Struggling for inspiration? Looking for a unique way to connect to customers? Consider topical advertising.

It doesn’t require money. It just requires wit.

This age-old, and common, practice is where the canny advertiser gains recognition through piggy backing off a popular event or day of the year. It is a form of media promotion designed to highlight specific content.

Think Valentine’s Day ads for jewellers and restaurants, flag-waving Australia Day window displays in butchers and hardware stores and Foxtel’s “Happy EOFYS” ads.

And it can be extended to topical current events or occurrences.

During the Monica Lewinsky scandal, a sign outside a New York drycleaners offered a 50% discount for cleaning blue dresses.

During the Olympics, a small bakery in London was found to have infringed the Games’ logo copyright by putting in its window display five large, round bagels. When the bakery was forced to take down the bagels, a rival bakery stuck up its own window display – five square bagels – to the mirth of all passers-by.

And a couple of stand-out topical press ads you may remember:

  • Veet’s – ‘Goodbye Bush’, run at the inauguration of President Obama and the farewell of George Bush.
  • Michael Hill Jeweller – ‘Solar Eclipse’, using the image of a solar eclipse to promote their brand. The advert ran for two days after the event.

Topical advertising takes effort and requires a good idea to support it. But done properly, it can be extremely effective in building and maintaining a loyal customer base.

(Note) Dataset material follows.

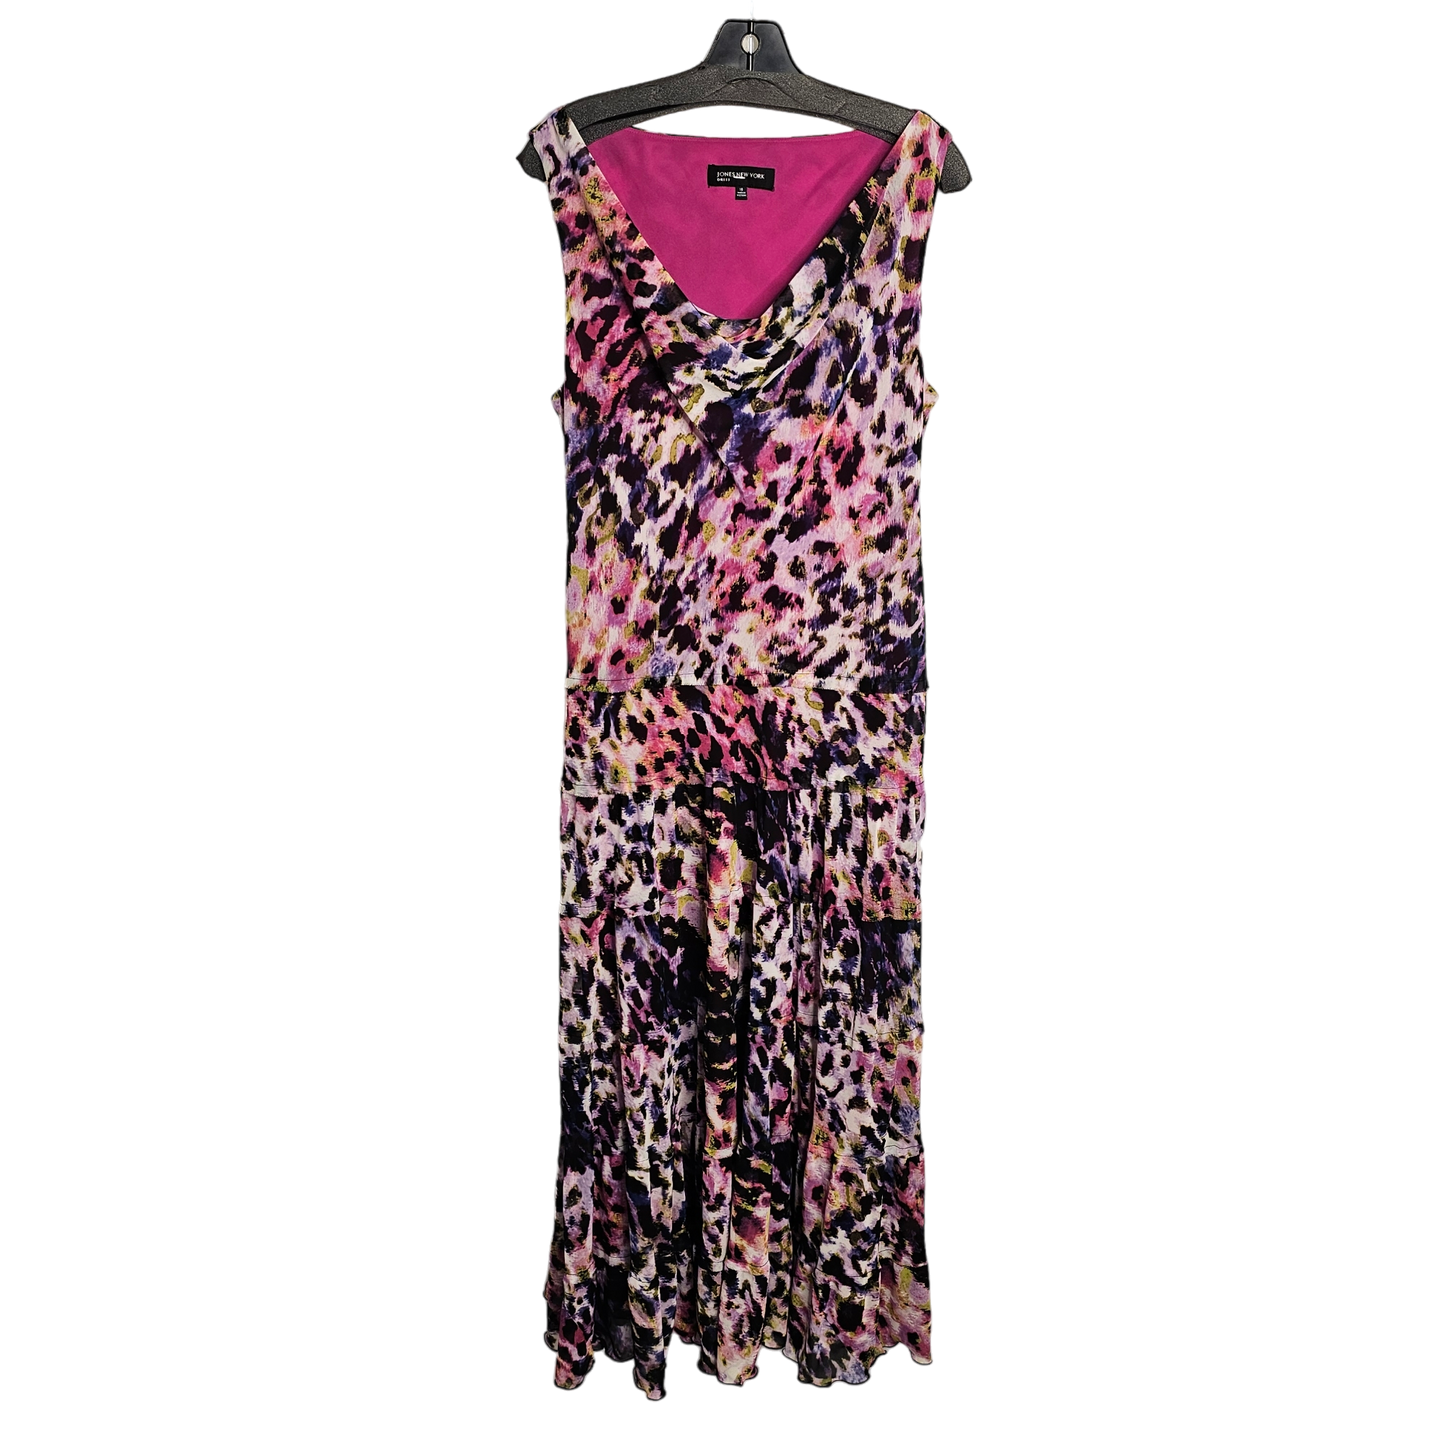 Dress Party Long By Jones New York  Size: 16

Rowan Dean (an award-winning creative director, advertising media specialist and social media commentator) offers the following advice on smarter topical marketing:

DO:

  1. Be wittyHumour is a quick and easy way to grab people’s attention and establish your personality and your brand’s values.
  2. Be consistent – Once you have a good idea, stay with it, even if it requires extra effort.
  3. Be true to yourself – Allow your personality to infuse your brand personality where possible.
  4. Be relevant but imaginative – The trick in all topical advertising is finding a clever or unusual way of linking a specific or local event to your particular brand values or product attributes.

DON’T:

  1. Be offensive or divisive – The aim is to get people to like and admire your efforts, not to offend people so they walk the other way.
  2. Be too complicated or contrived – Nobody likes a “try-hard”.